On yet another of my forum wanders, I came across this little gem and thought some of you might be interested in this debate.

A question was asked by a woman currently living in Continental Europe.  She regularly went to a little coffee shop with her baby to meet a couple of other mummy friends.  A few days ago she arrived to find a notice hung on the door asking for no pushchairs to be brought inside.  Her question on the forum was, what should she do about it?

Before I tell you about the ensuing debate, I should point out that she posted a photograph of the coffee shop with the sign.  This is a tiny little place, not much bigger than some peoples sitting rooms.  It’s your typical little European side street coffee shop.  Half a dozen tables and no room to swing the proverbial cat.

A few people suggested it was probably due to lack of space and a health & safety issue and told her she should find a different pram friendly coffee shop.  Some expressed outrage at the coffee shop owner and told her they would give him a piece of their mind and then go elsewhere! (notice how they automatically jumped to the conclusion that the owner had to male, as though a woman  would never ban a pram!) A few said they would ask why and then probably be resigned to finding a new coffee shop.

Then came the utterly ridiculous and in most cases completely ignorant answers.  One poster had a huge rant about how could it possibly be health & safety, if there was a fire then she of course wouldn’t be silly enough to attempt to get her pram out, she’d just leave it and grab the baby out – um, what about the health & safety of the other customers trapped in the coffee shop behind your abandoned pram!  She then carried on by saying the owner must be retarded anyway because their stupid sign wasn’t even in English and didn’t make any sense!!  She honestly had the audacity to say this.  Firstly the sign was in French, because that is the native language of the country the person was in.  Secondly they had made an attempt at an English translation on the sign and had written “No baby Troley please”.   This poster actually replied with wtf is no baby troley meant to mean, it’s not even a word.  I couldn’t believe that she would actually call someone retarded for writing in their own language and then follow it up by making herself look even more ignorant – sigh.

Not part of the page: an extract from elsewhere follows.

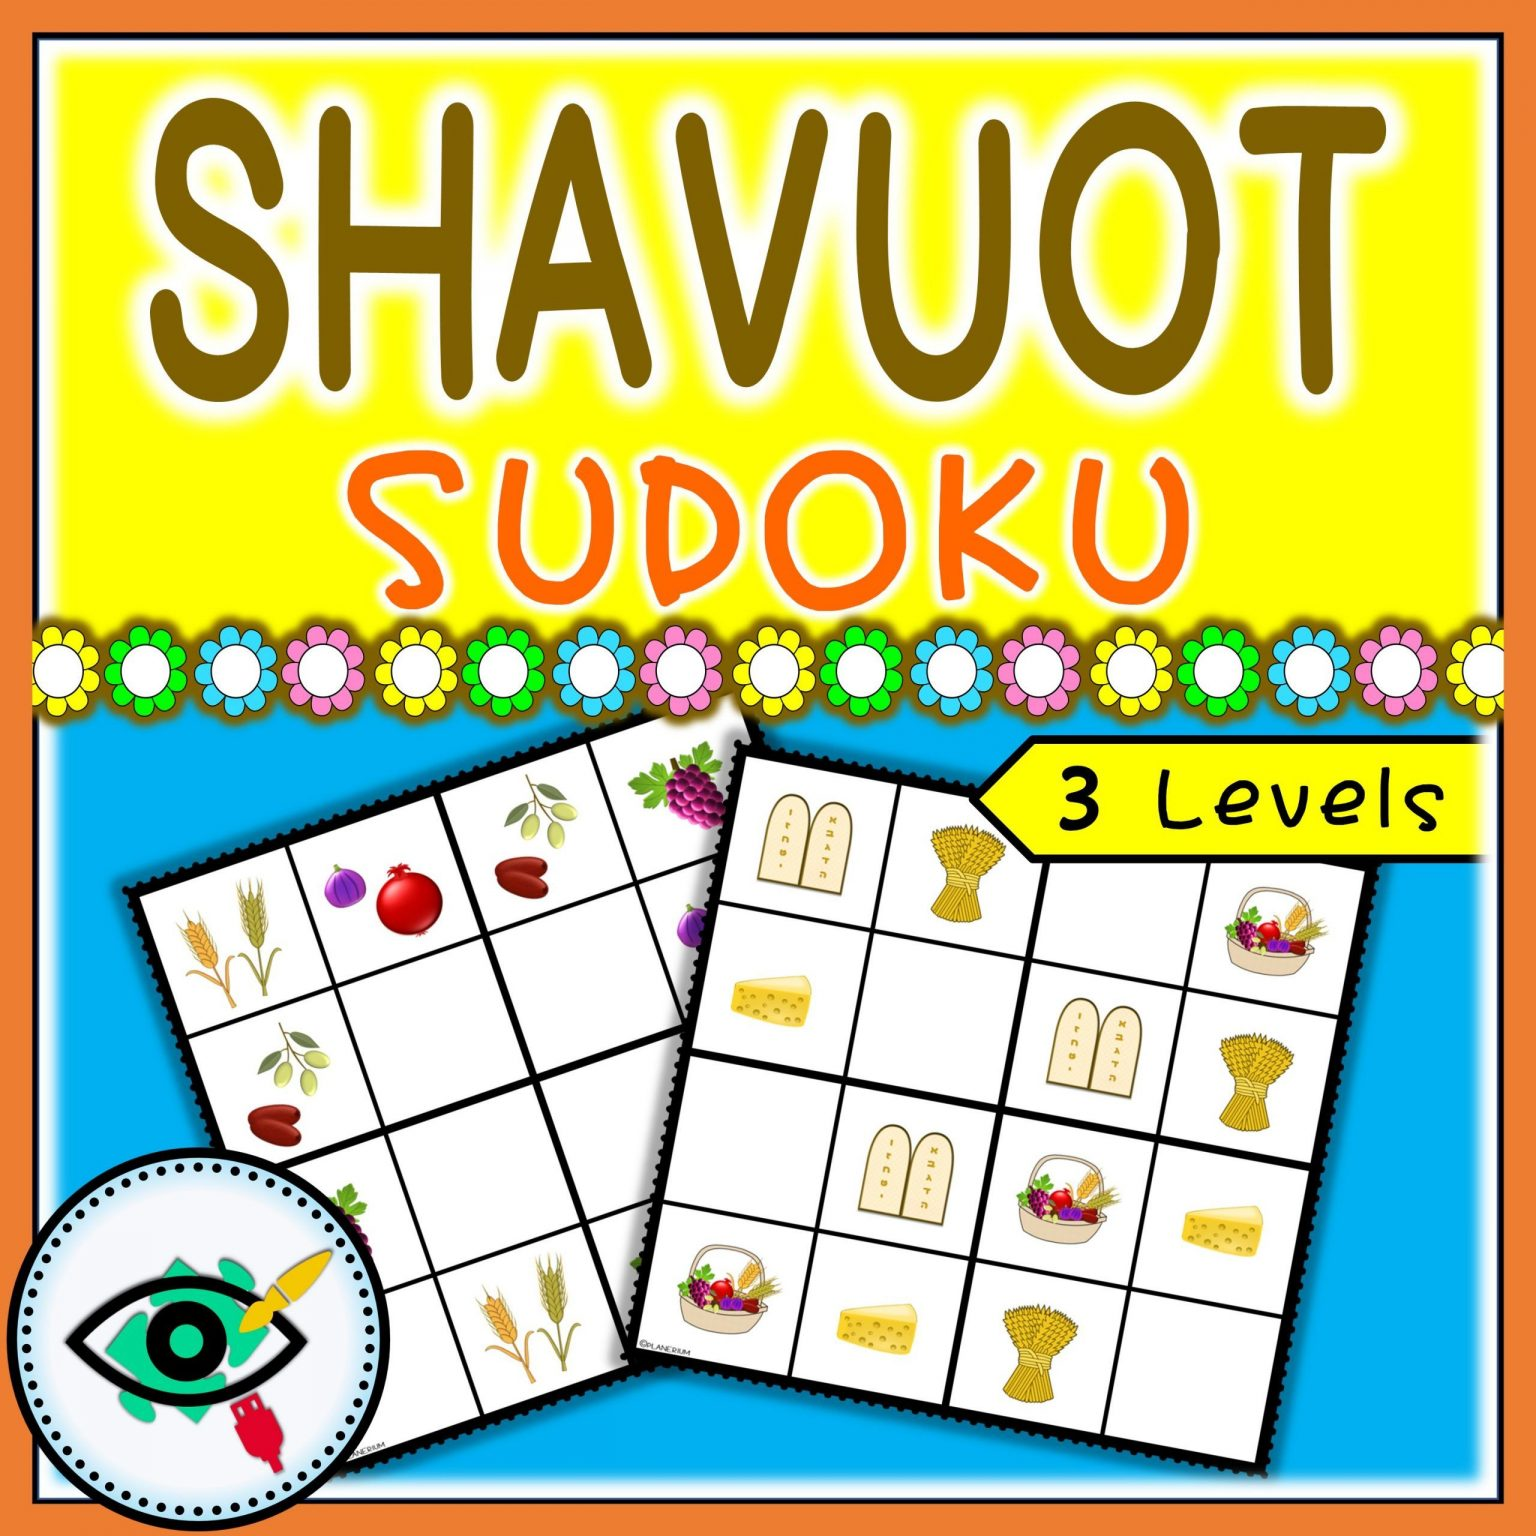 Shavuot - Sudoku Puzzle Game   Planerium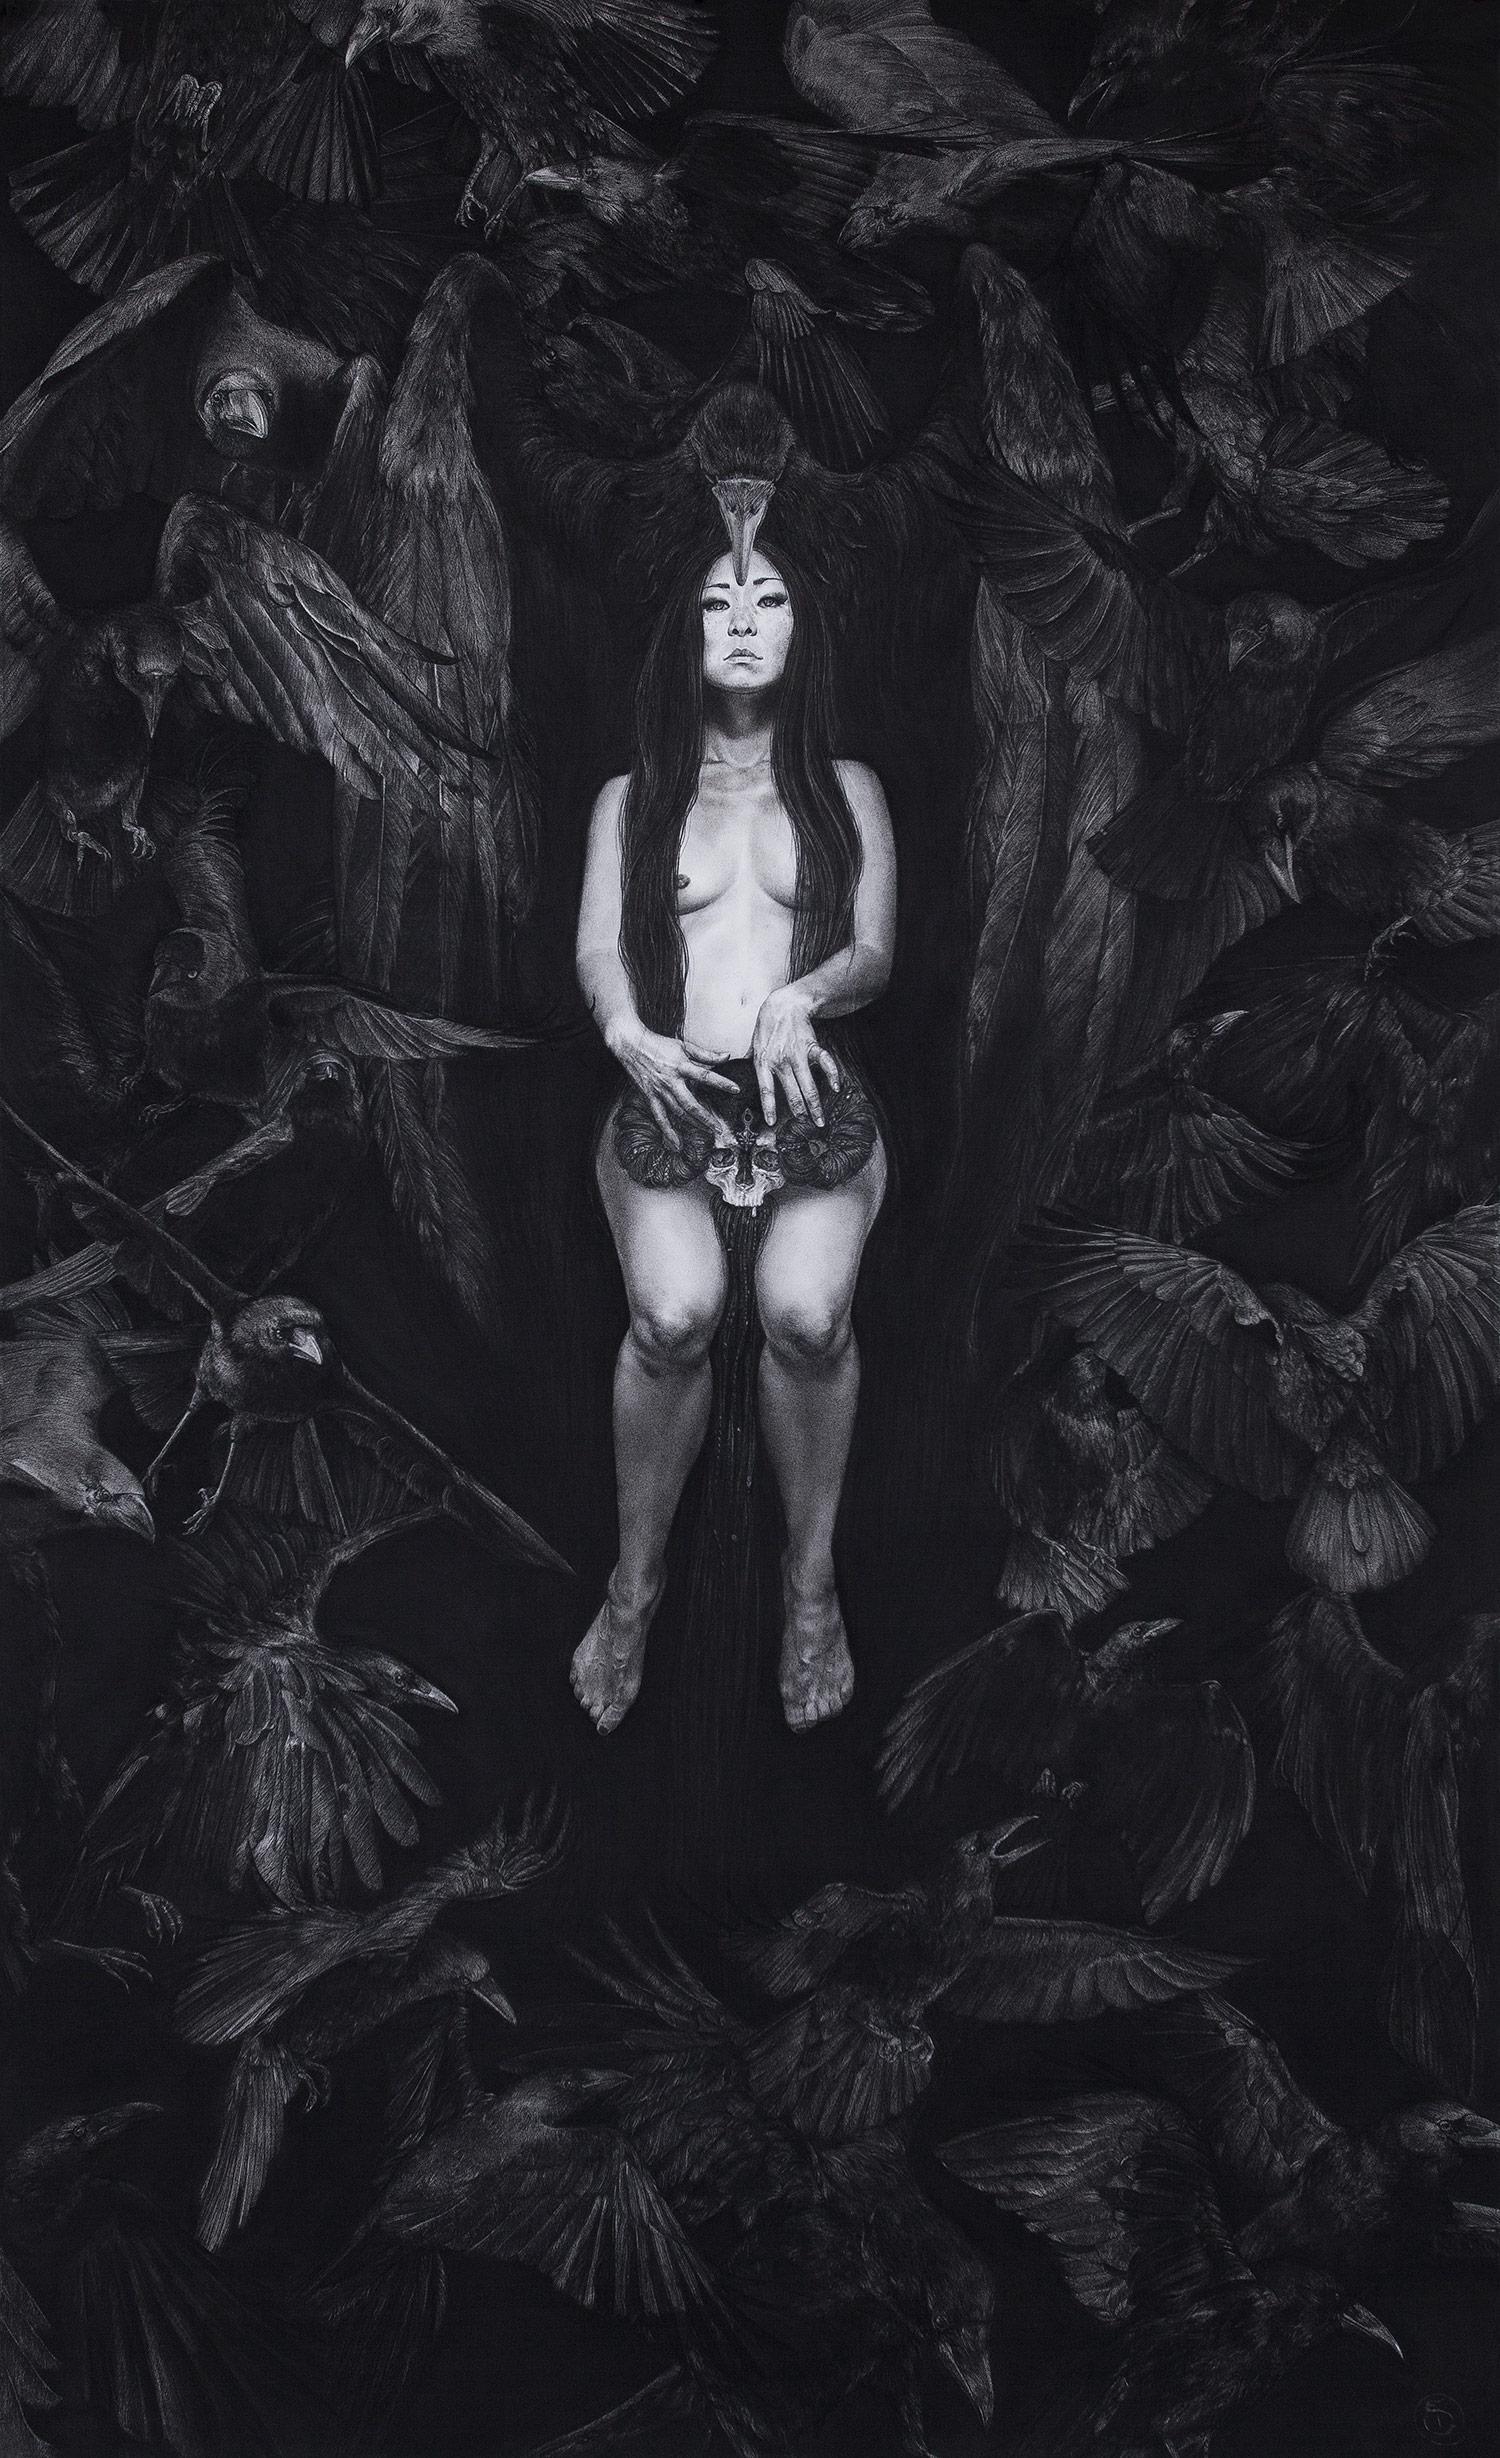 Stephanie Inagaki - Tempest

But then came the ultimate answers, the floodgates opened with people telling the girl she should go to the owner and demand to know what they would do if someone was in a wheelchair.  Would they ask them to leave their wheelchair outside!  They carried on with comments like “well I wouldn’t lift my 5 week old baby out of his pram and disturb him, especially if people in wheelchairs are allowed in, what’s the difference?  Argh, what’s the difference? they actually asked this and debated over it.  Holy smoke, I would hazard a guess that most people in wheelchairs are in them not by choice, but by necessity.  A baby can be bloody well lifted out of a pram and carried inside, or like a lot of women do now, they can be worn in a sling, eliminating the need for a pram.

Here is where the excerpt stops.